Abstract

This study focuses on liquid water transport in wood above the fiber saturation point in the nonhygroscopic region. The liquid water transport of hygroscopic porous materials including wood is usually described by Darcy’s law. It requires knowledge of capillarity and intrinsic and relative permeabilities. In this study, the capillary pressure-water relation and relative permeability were investigated using experimental data for wood available in the literature. The performance of three models (Brooks-Corey model, van Genuchten model, and Durner’s bimodal pore-size distribution model) was investigated for the capillary pressure-water relation. These models have advantages in that each shape parameter has qualitative physical meaning for the pore-size distribution. Most species had unimodal pore distributions except for aspen, which had a bimodal pore distribution.
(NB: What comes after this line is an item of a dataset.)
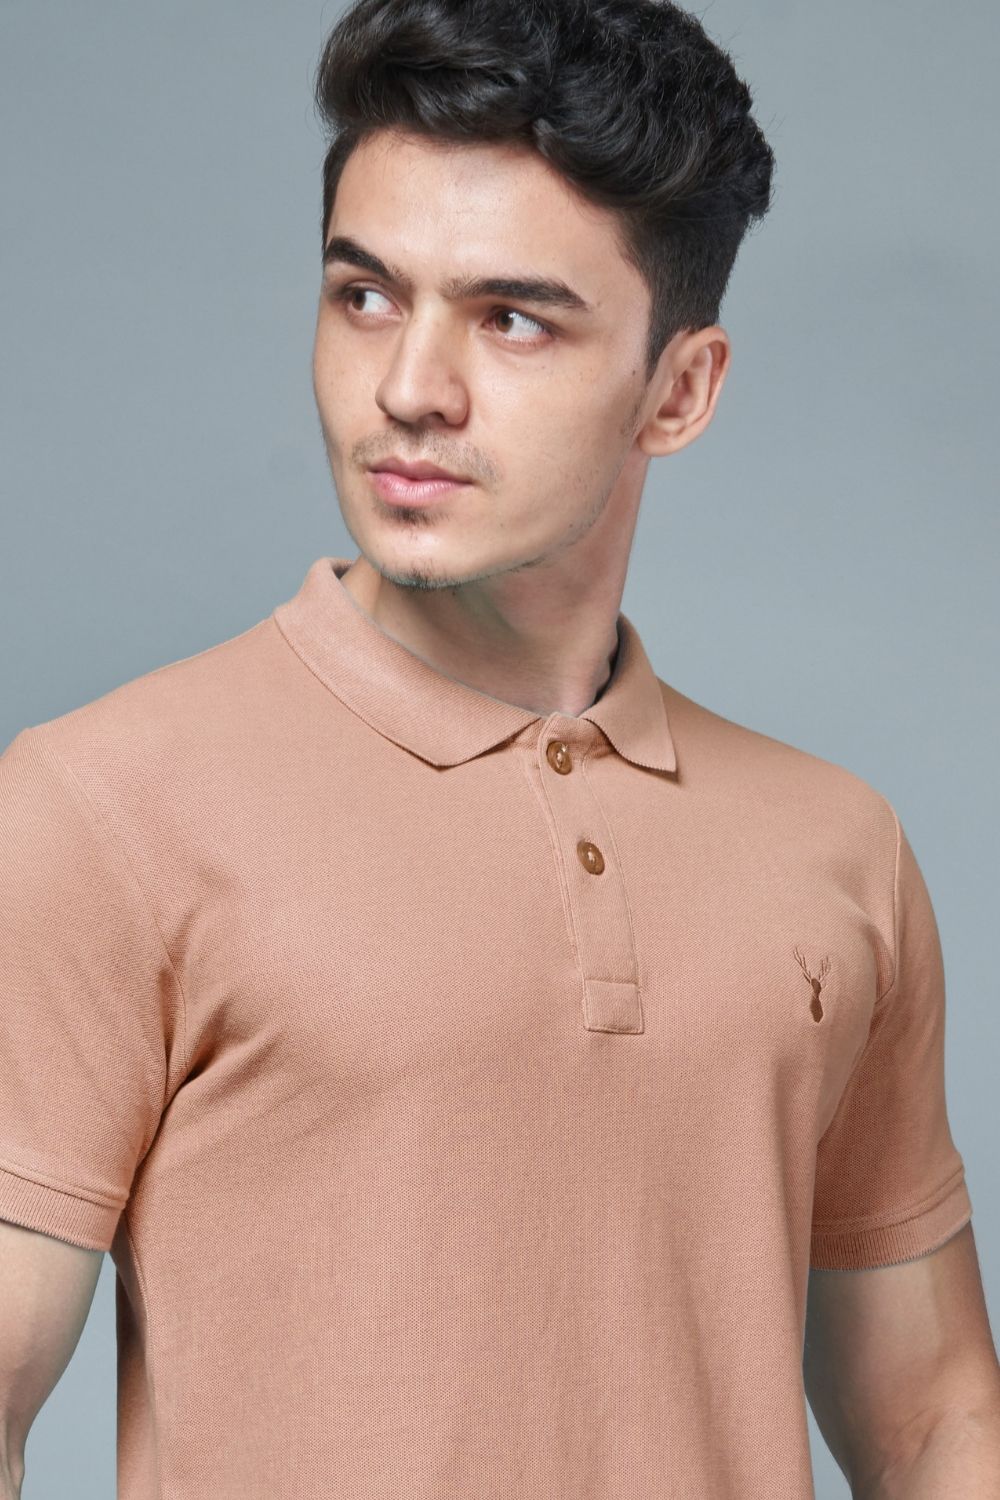 Bisque colored, identity Polo T-shirts for men with collar and half sleeves, front view.

The van Genuchten model represented the capillary pressure-water relation better than the Brooks-Corey model. Durner’s bimodal model was found to be the most appropriate for the capillary pressure-moisture relation of aspen. The relative permeability was calculated by using Mualem’s model, which was compared with the value from the Couture model. From the results, the liquid water diffusivity divided by intrinsic permeability of wood was estimated. This approach may be promising for adopting the liquid water diffusivity for the numerical simulation of drying and sorption, although there might be considerable variation within and between trees.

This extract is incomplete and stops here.